Уж конечно. И давно ли?
«Сам будто не знаешь. Знаешь-знаешь. И я знаю. Только рассказывать всё равно придётся, такие здесь порядки».
Где — здесь?
Шаман сипло расхохотался, и от него пахнуло гнилым мясом; сунулся прямо в лицо своей красной восьмиглазой рожей и осклабился.
«Помер ты. Теперь — рассказывай, чего натворил, мертвяк».
Мертвяк фыркнул бы, но не чуял тела — ни рук, ни ног, ни губ. Чуял только запах: тяжёлый, кровавый, и ещё чего-то тошнотворно-сладкого — и видел на потолке узоры из человеческого мяса, из костей и травы.

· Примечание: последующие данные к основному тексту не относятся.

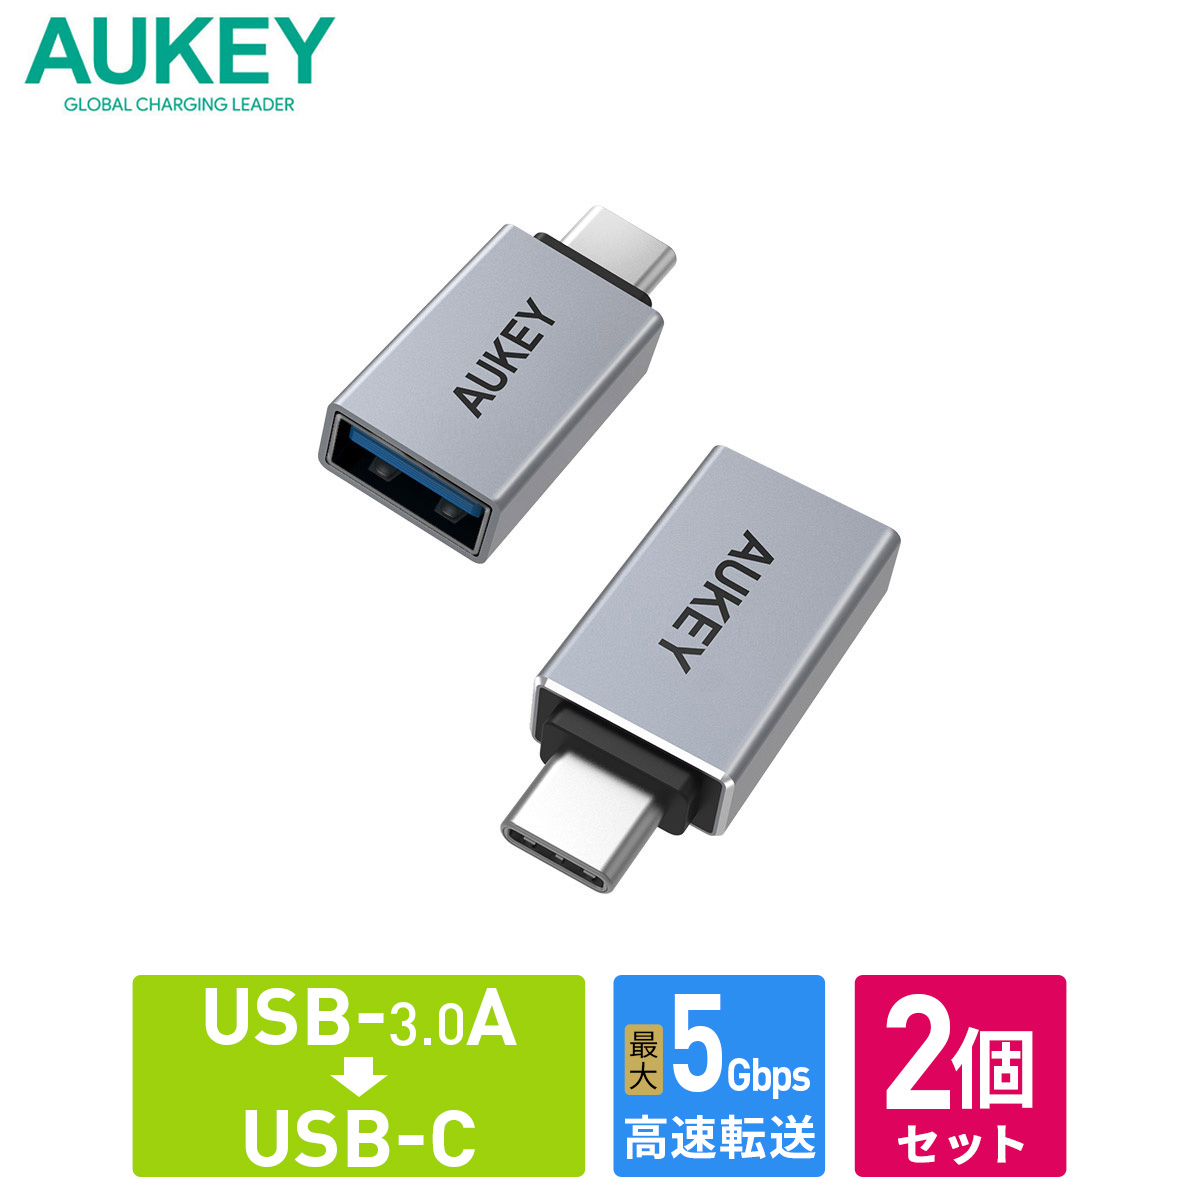 USB変換アダプター AUKEY オーキー USB3.0 Type-A To C Unity Series CB-A22 アルミ素材 シルバー Type -C 変換コネクタ プラグ 変換 タイプC 充電 データ転送 USB-A USB-C 56kレジスタ 56kΩ抵抗 2年保証 USBハブ 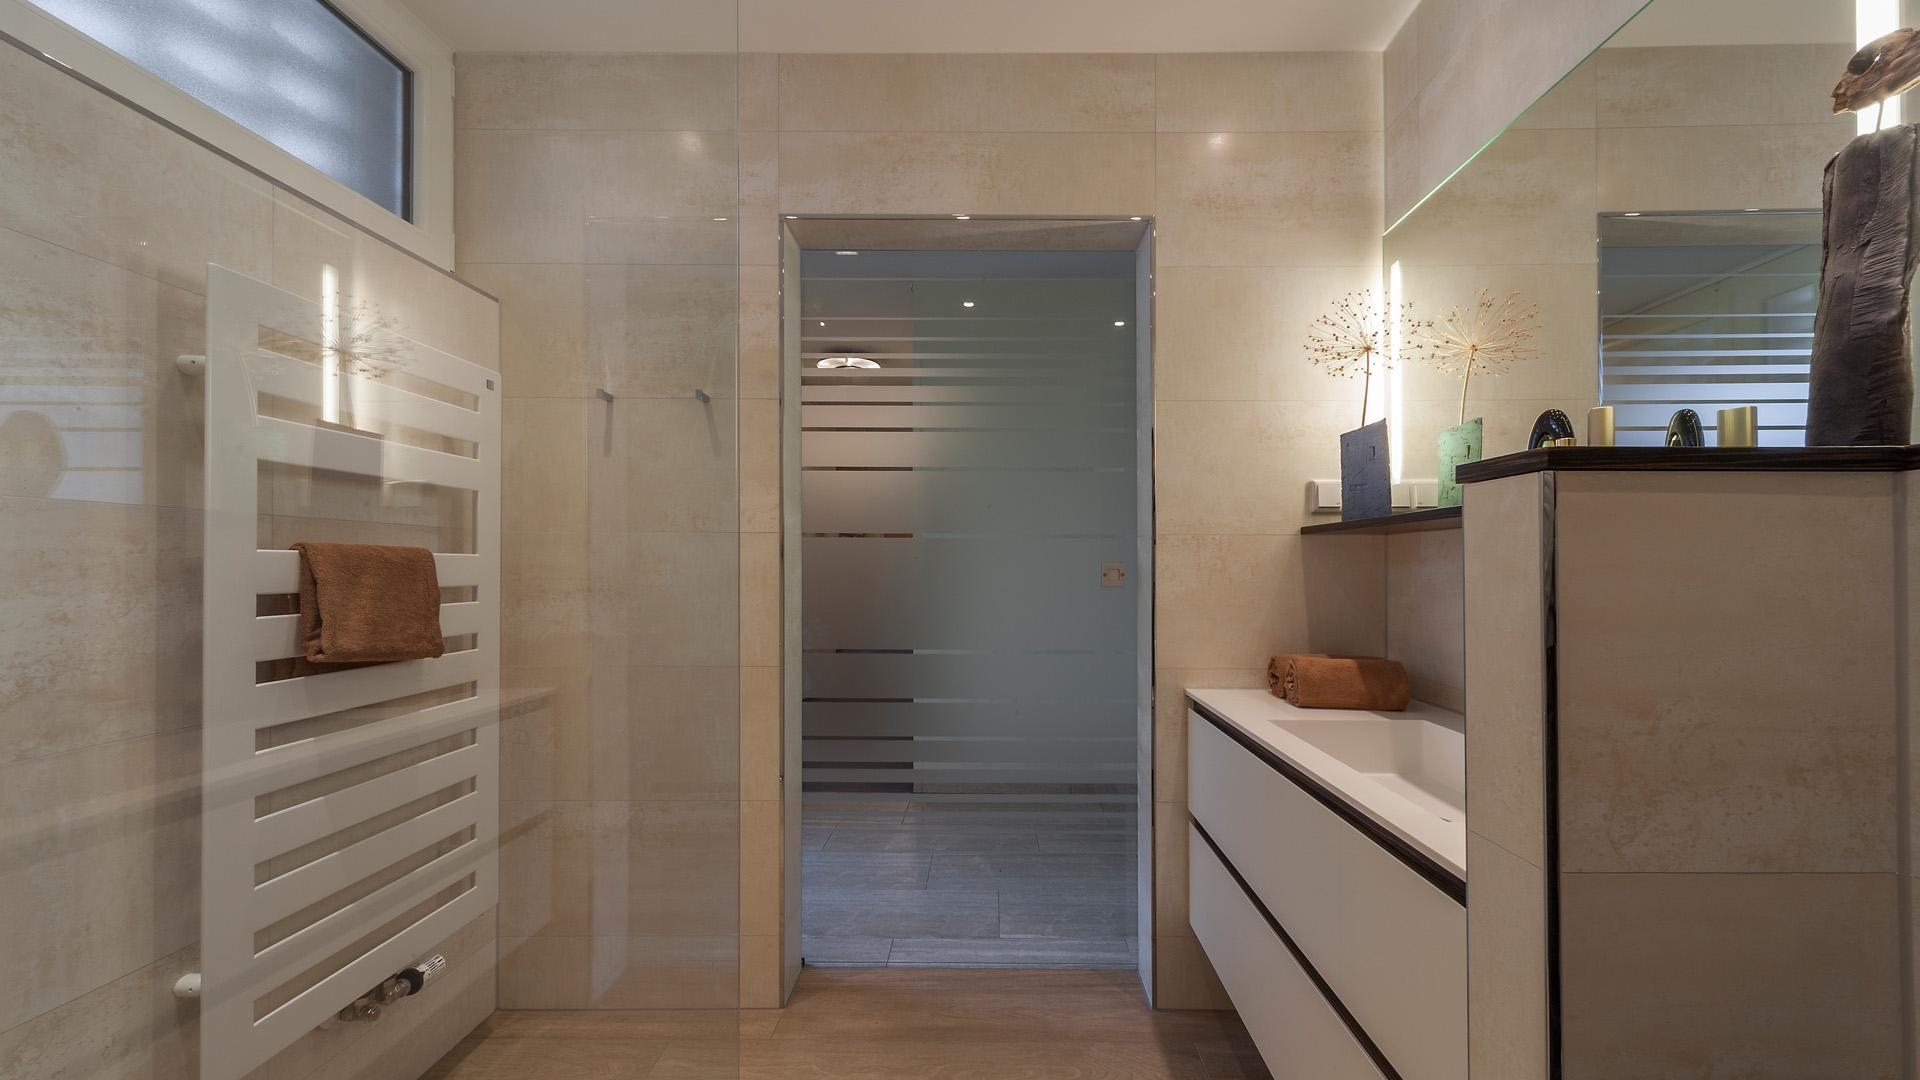 -Anzeige- #bestebadstudios #badezimmer #bad #waschbecken #badmöbel #modernesbadezimmer #badsanierung

Да ничего мы пока не натворили, расслабься. Собираем силы.
Кишки на потолке затряслись от шаманьего ехидного смеха.
«Забыл, что ли? Вспоминай давай и рассказывай, мне спешить некуда».
Ничего я не забыл. Хотя глюк красивый, конечно, такого со мной раньше не было. Не соврала Врата, когда угощала.
А ты продолжай, зверушка.
Шаман радостно запрыгал, шурша травяной юбкой и надетым поверх линий-разводов на теле плетёным наплечником — как у настоящего головы гэбни, разве что длиной до локтя. От его немытой башки воняло, как от склада контрабанды.
«Думаешь, это всё не по-настоящему? Думаешь, ещё живой?»
Зачем мне думать, я и так знаю.
Поудив пятернёй в одной из своих мисок, шаман вытащил нечто липкое и свесил прямо перед мертвяком, капая ему на лицо. Какой-то внутренний орган — печень, кажется, хотя вне тела все они — просто куски мяса.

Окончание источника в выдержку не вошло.